Nutrition during pregnancy creates an early-life exposure that sets the stage for pediatric metabolic health (3). This influence was first described in the hyperglycemia-hyperinsulinemia hypothesis, then by Freinkel (4) as an exacerbation of overall maternal fuel exposure, not only related to glucose, and linked to altered insulin secretion and/or action. In 1990, Jovanovic and Peterson (5) recommended primary treatment of GDM with diet, specifically with energy intake sufficient to avoid ketosis, and total carbohydrate (CHO) restriction to 30–40% of calories to prevent excessive postprandial glucose excursions. In 2005, concerns were raised about exacerbation of maternal insulin resistance (IR) by saturated fat intake and free fatty acid (FFA) exposure (6), and we and others have shown that increased triglyceride (TG) levels contribute to fetal growth in obesity (7). Anthropologists have demonstrated that protein intake is fairly constant; thus, CHO restriction may unintentionally promote an increase in dietary fat due to the abundance of animal fats and inexpensive processed foods (8).

Current evidence-based GDM nutrition guidelines from multiple sources (9,10) recommend intake of ≥175 g/day CHO (11) and an individualized nutrition prescription that limits excessive maternal weight gain (12) without specifying macronutrient composition. Although numerous comparative studies of dietary advice for GDM have been undertaken, CHO restriction as the primary approach to treatment lacks rigorous evidence from randomized controlled trials (RCTs) (13). Across dietary management approaches, the evidence is insufficient and of low quality, and randomized trials are few, with none providing meals to match calories and optimize compliance (13). As a result, nutrition guidelines for GDM remain inconsistent worldwide.

We developed a diet, called CHOICE (Choosing Healthy Options in Carbohydrate Energy), to directly challenge the lower-CHO diet for GDM (14) and promote the inclusion of higher-quality CHOs. Previous data from a randomized crossover trial suggested our CHOICE diet (60% mostly complex CHO, 25% fat) reduced fasting glucose and FFA levels in the short term and reduced newborn adiposity (NB%fat) in those who followed the CHOICE diet (versus lower CHO and higher fat) from ∼33 weeks of gestation through delivery (14,15). In this parallel RCT where all meals were provided, powered for NB%fat as the primary outcome, we tested the hypothesis that compared to a conventional lower-carbohydrate (40%)/higher fat (45%) diet (LC/CONV), 7–8 weeks of CHOICE would improve maternal IR and 24-hour glycemia, resulting in less NB%fat.

This study was approved by the Colorado Multiple Institutional Review Board (approval no. 14-1358). During 2015–2020, women granted their written informed consent and were compensated for their participation. The Consolidated Standards of Reporting Trials (CONSORT) reporting guidelines were followed (Fig. 1, Supplementary Table 1). Participants self-identified their race or ethnicity.

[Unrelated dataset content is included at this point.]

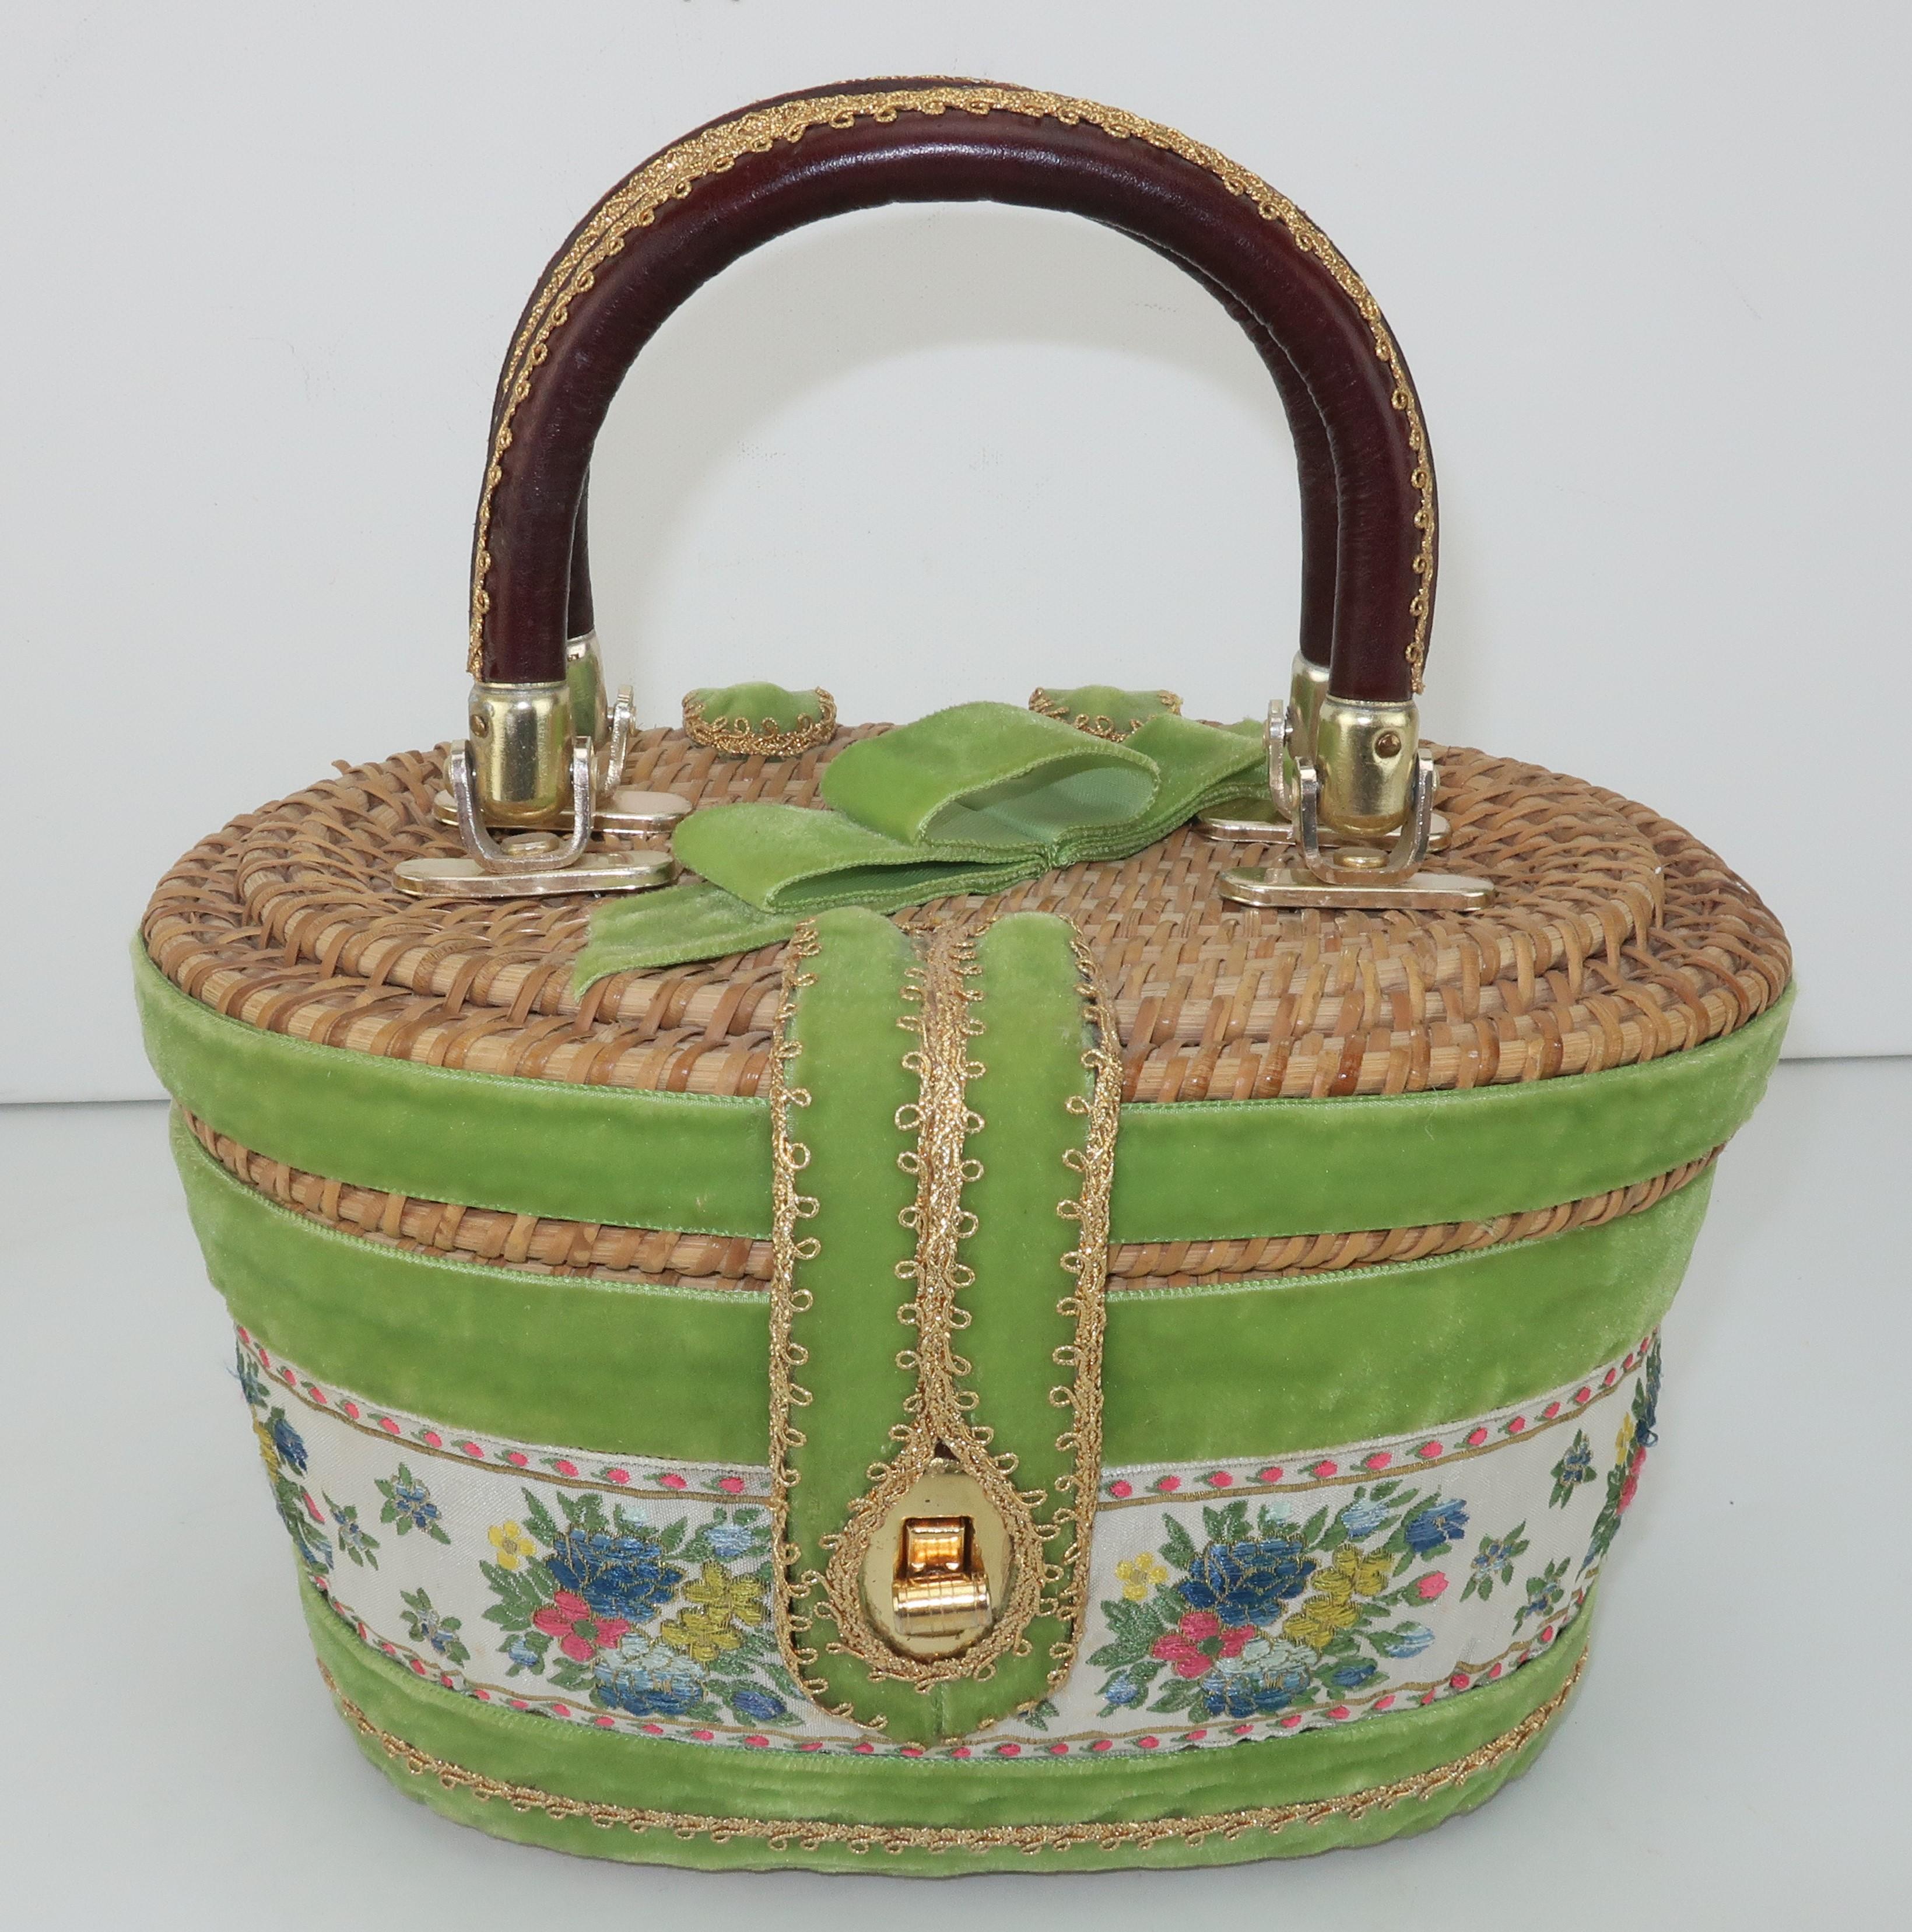 1960’s Billie Ross of the Palm Beaches wicker basket handbag with whimsical brocade and velvet ribbon embellishments incorporating shades of lime green, hot pink, yellow, gold and blue.  The bag has double leather covered top handles and a turn lock

Pregnant women were identified just after GDM diagnosis (∼28–30 weeks’ gestation) at University of Colorado Health and private community obstetric clinics. At 30–31 weeks of gestation, women were provided a washout diet for 2 days (day 1), then were randomly assigned to either the LC/CONV (5,14,16) or CHOICE diet (14). On day 3, women reported to the Colorado Clinical Translational Research Center (CTRC) after an 8- to 10-h fast. After collection of fasting blood, a 75-g, 2-h oral glucose tolerance test (OGTT) was performed and a blinded continuous glucose monitor (CGM) was attached for 72 h. Women began the random diet assignment on day 3, and this was followed until delivery. All meals were provided 3 days at a time, and women were contacted regularly for monitoring (1–2 times per week). After 7–8 weeks (week 36–37), women again wore a CGM for 72 h and a second 75-g, 2-h OGTT was performed.

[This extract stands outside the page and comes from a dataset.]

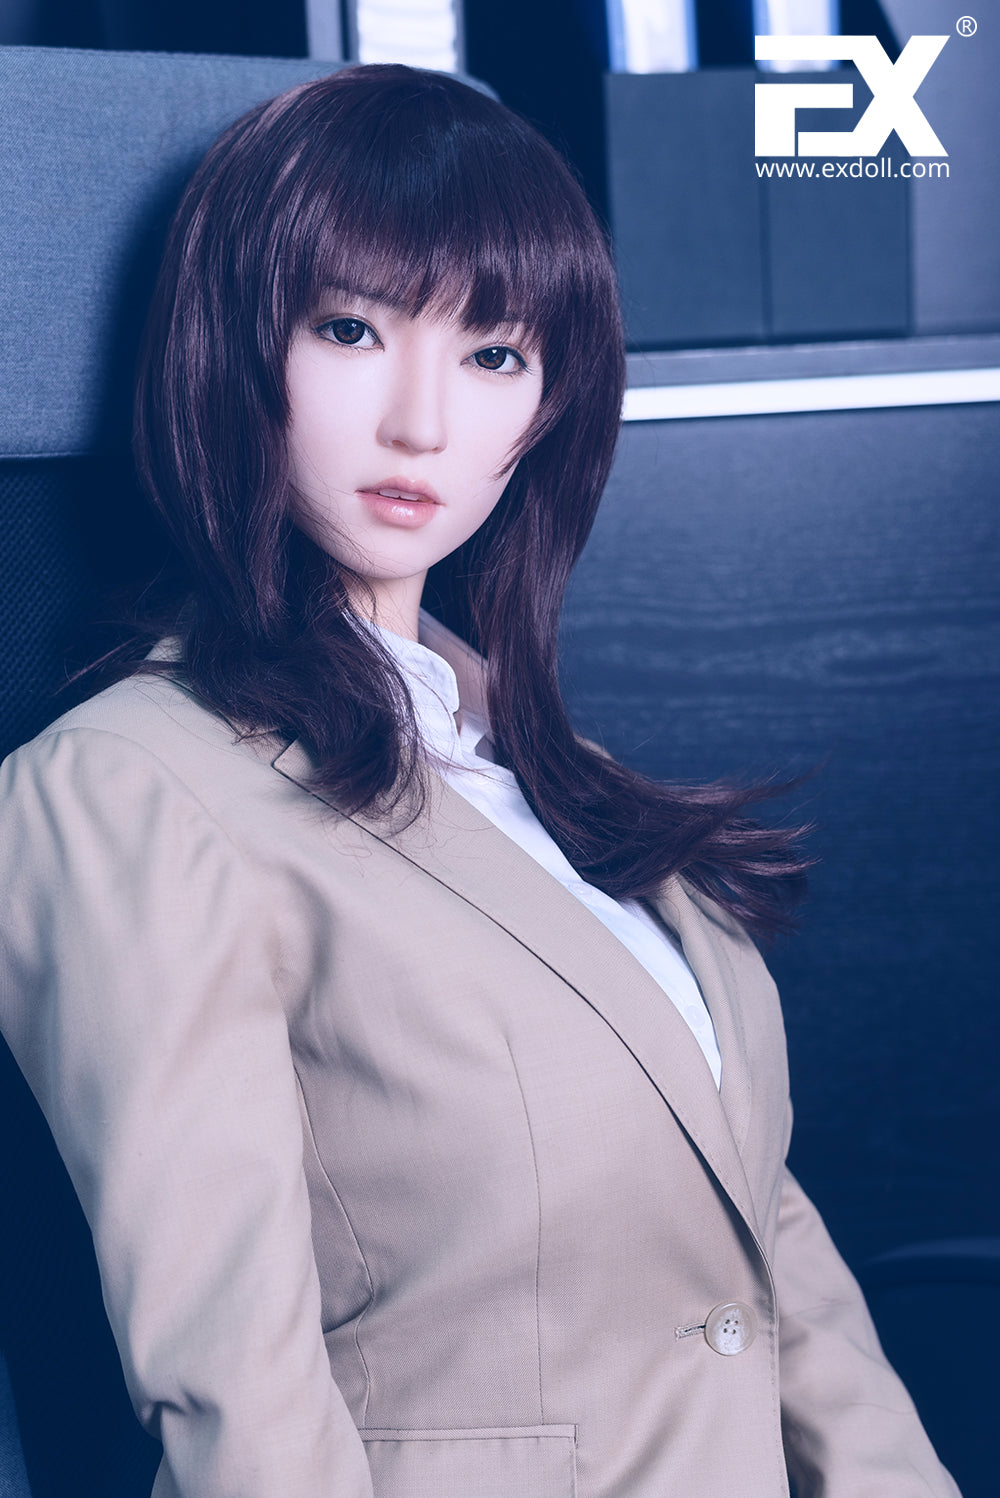 EX Doll Ukiyoe Series 170 cm Silicone - Miki | Buy Sex Dolls at DOLLS ACTUALLY

Cord blood was obtained immediately after delivery. At ∼13 days, the mother and infant reported to the CTRC at Children’s Hospital Colorado, where maternal and infant body composition were measured.

The 1:1 randomization was stratified by ethnicity (Hispanic vs. non-Hispanic) using a random number generator (performed by a biostatistician) and then administered through the Colorado Clinical and Translational Science Institute. The investigators were not involved in the randomization process. Although it was not possible for the frontline study team to be blinded to treatment, the investigators were uninformed of the group assignment.

Including English-speaking pregnant women with singleton pregnancies, who were between 20 and 39 years old, and had BMI of 26–42 kg/m² at the time of diagnosis (expanded from the original BMI range of 26–39 kg/m² after ∼1 year) allowed greater participation in this study. Women with GDM meeting criteria by a 50-g glucose challenge followed by a 3-h 100-g OGTT according to the American College of Obstetricians and Gynecologists (17), supported by the American Diabetes Association (9) and not requiring medication, were randomized. Women with fasting TG level ≥400 mg/dL, who smoked, had preexisting diabetes, or had suspected preexisting diabetes (A1C ≥6.5%, fasting glucose level >125 mg/dL, or random glucose level >200 mg/dL) or women unlikely to achieve glycemic control with diet alone (fasting glucose level >105 mg/dL) were not enrolled. Women with risk factors for placental insufficiency, including hypertension, renal disease, thrombophilias, rheumatologic disease, a history of preeclampsia, or fetal growth restriction were excluded, as were those with a history of preterm labor, and those who used β-blockers or glucocorticoids. Women requiring insulin, oral hypoglycemic agents, or delivery at <36 weeks’ gestation were removed from the study.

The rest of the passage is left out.